Well Simon fromFW did drop a big hint that plastic would be the way the Daemon Primarch would go. Makes sense too since they'd be playable in both 40k and 30k.


----------



## Lord of the Night (Nov 18, 2009)

Zion said:


> Well Simon fromFW did drop a big hint that plastic would be the way the Daemon Primarch would go. Makes sense too since they'd be playable in both 40k and 30k.


If, and a big if, the Daemon Primarchs were to exist in-game I could buy that Forge World would be the ones to make them. Not GW though, they'd never make anything that cool.

Plus the Daemon Primarchs in 40k would be a massive game-changer. The powers of a DP combined with the statline of a Primarch, the loyalist and xenos armies would have nothing short of superheavies that could counter such a thing.


LotN


----------



## ntaw (Jul 20, 2012)

Flyers, Super-Heavies, and Gargantuan Creatures all were big shocks to 40k. Why wouldn't GW continue it rolling with plastic Daemon Primarchs?


----------



## Zion (May 31, 2011)

Daemon Primarchs aren't even new to the game:










Seriously, FW said they won't touch them and they'd be cooler in plastic. Considering Angron should be modern Bloodthirstier size I appreciate the fact that he'd be horrible to assemble in resin and hope for nice plastic models instead.


----------



## ntaw (Jul 20, 2012)

Old Angron up there has a similar stat line to Skarbrand.
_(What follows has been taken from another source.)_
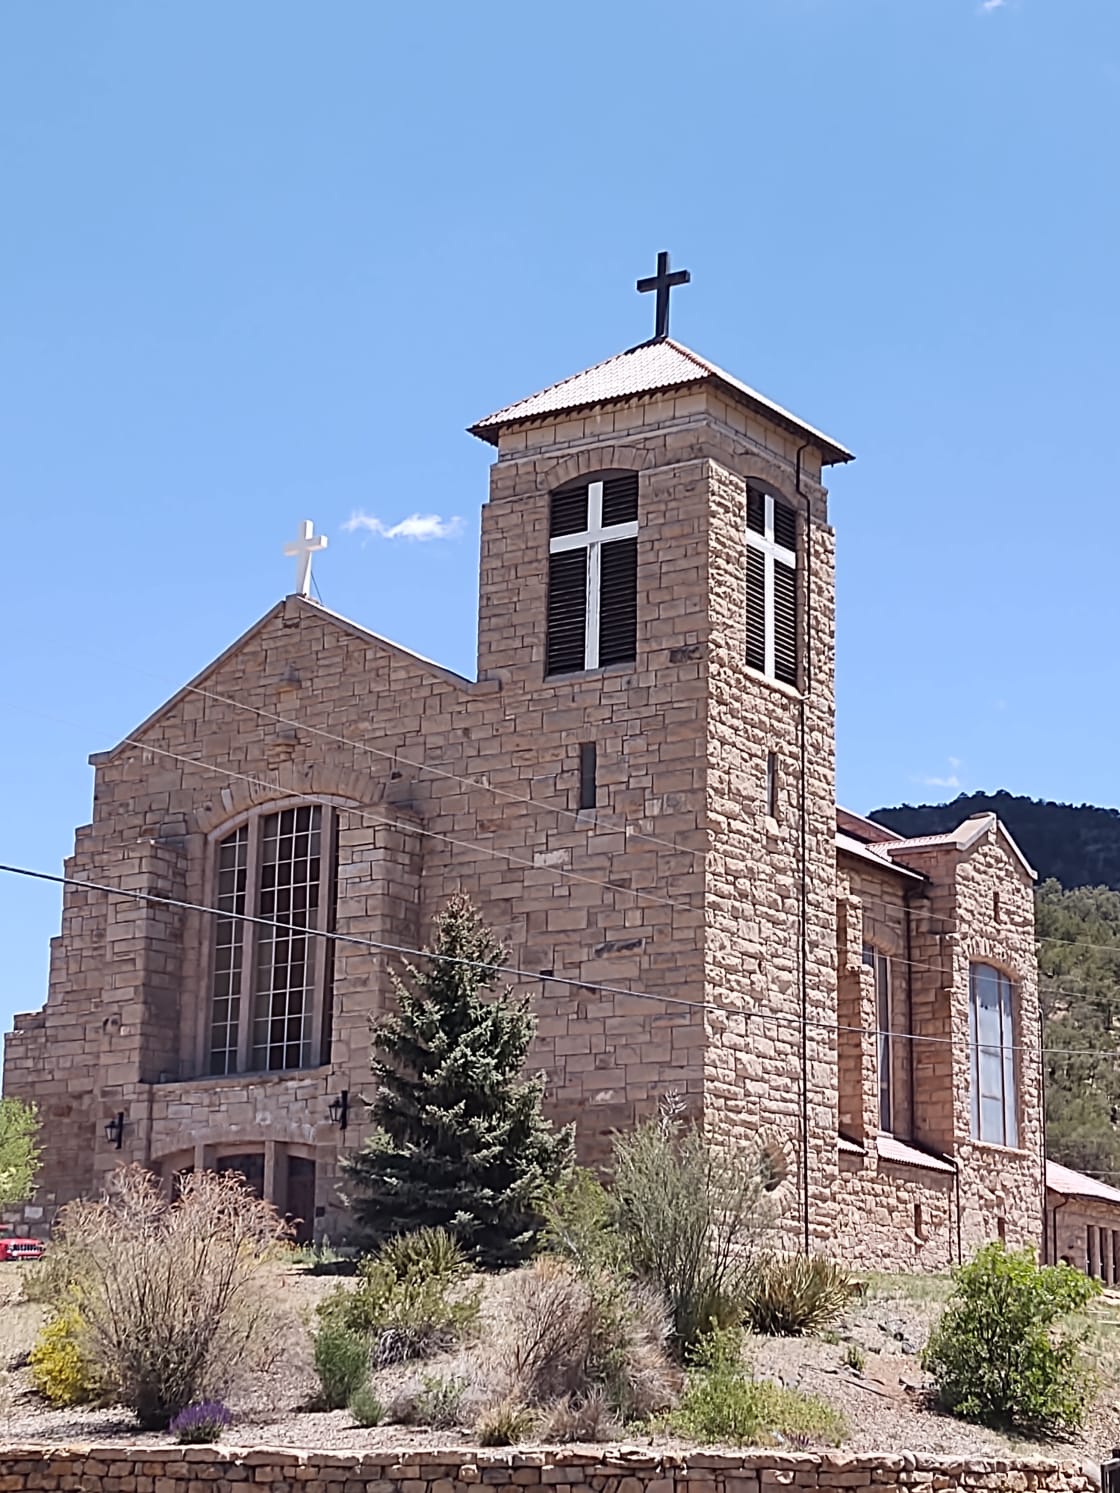 Kevin's property overlooks this beautiful 100 year old Catholic Church, St Josephs Apache Mission just down the hill.

If only Skarbrand could fly (without papa Khone tossing him, that is)...


----------



## Zion (May 31, 2011)

Atia said:


> Anyone still hyped about Tzeentch? Yes? Great. Here some snippets to avoid all possible confusions:
> 
> - Forgeworld will do the Prospero Magnus. In resin. Around Fall, for the Inferno release (as I think Russ may be ready for sale for the next Open Day). There are no "problems", Simon Egan just was afraid of both the horns on his chest and his face. He will be the largest Primarch. And of course FW will continue to produce the 30k Primarchs.
> 
> ...





SadPanda said:


> Myth no more.
> 
> A lot of people over the years claimed the GDs were all finished and claimed they saw them (talking about myths).
> 
> ...


----------



## forkmaster (Jan 2, 2010)

This would be excellente and indeed a game-changer, but CSM really needs this as their current codex sucks. But I believe it once I see it.


----------



## Zion (May 31, 2011)

Inclusion sadly doesn't mean you'll see an update. Ala Sisters of Battle in Shield of Baal. I have my fingers crossed though as this is a good way to prop up multiple old books at the same time before they can get around to updating them.


----------